歩合制とは
そもそも歩合制という制度の意味を知らないという人もいるのではないでしょうか。歩合制は給料制度の一つになっています。歩合制は特殊な制度なので、仕事の求人の際にも必ず歩合制という言葉が記載されていますので確認してみましょう。
歩合制=出来高報酬
歩合制とは仕事の成果によって給料が増減する制度です。出来高報酬制と呼ばれる場合もあります。現在で仕事の成果に関係なく労働に対して支払われる固定給制度が一般的で、歩合制はこれに対をなす給料制度です。
完全歩合制
一口に歩合制といってもその形態は一つではありません。完全歩合制度は給料のすべてが出来高によって決定するものです。成果を上げれば上げただけ給料は高くなっていきます。
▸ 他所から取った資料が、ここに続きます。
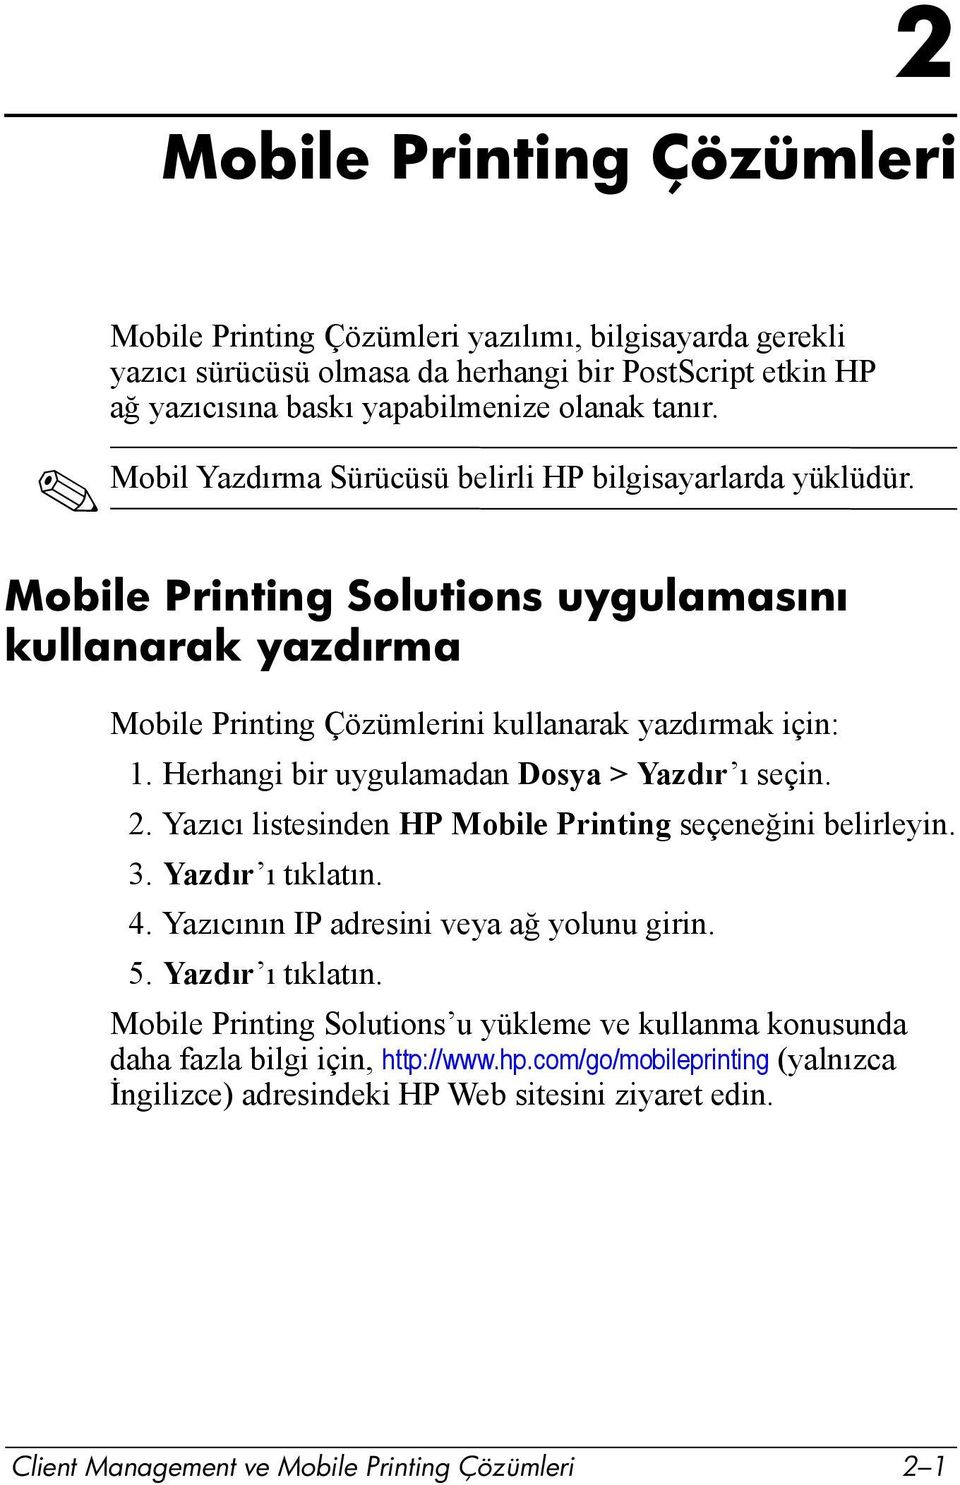 Herhangi bir uygulamadan Dosya > Yazdõr õ seçin. 2. Yazõcõ listesinden HP Mobile Printing seçeneğini belirleyin. 3. Yazdõr õ tõklatõn. 4. Yazõcõnõn IP adresini veya ağ yolunu girin. 5.

しかし、成果が出なければその分給料もどんどん下がっていきます。仮に前月の売り上げが100として今月の売り上げが0としても今月の売り上げが増えるわけではありません。前月は前月、今月は今月ときっちりと線引きがされているので給料が安定しない制度であるともいえます。
固定給+出来高の一部歩合制
現在の歩合制で最も主流なのはこの固定給+出来高報酬ではないでしょうか。これはあらかじめ固定給として必ずもらえる金額が設定されており、仕事の成果に応じてさらに給料がプラスされるというものです。成果が出ないからといって給料が下がるわけではありません。成果が出たときのみ出来高として給料に反映されます。
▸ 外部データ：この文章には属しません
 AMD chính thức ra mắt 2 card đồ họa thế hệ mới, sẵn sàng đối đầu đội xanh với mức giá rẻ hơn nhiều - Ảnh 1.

完全歩合制に比べれば安定はしているものの、出来高のプラスの幅が狭かったり、固定給である基本給が極度に安いという場合も多いです。どちらにしても歩合制が導入されている場合は、成果を出さなければ高い給料は望めないのが現状です。
歩合制の仕事の種類
歩合制の仕事をしている人はあまり見かけないかもしれませんが、実は思っているよりも多くの職業で歩合制は導入されています。歩合制は出来高に対しての成功報酬になるので、適用できる業種、適用しづらい業種に分かれます。なので一定の業種にのみ歩合制は導入されています。
営業職
物を売ったり、契約を結んだりする営業職では歩合制を導入しているケースが多いです。これは販売数や契約数によってその人の頑張りが簡単に数値化できるからです。多く売れば会社の売り上げも上がりますし、セールスマンにはどんどん自社の商品を売ってもらわなくてはなりません。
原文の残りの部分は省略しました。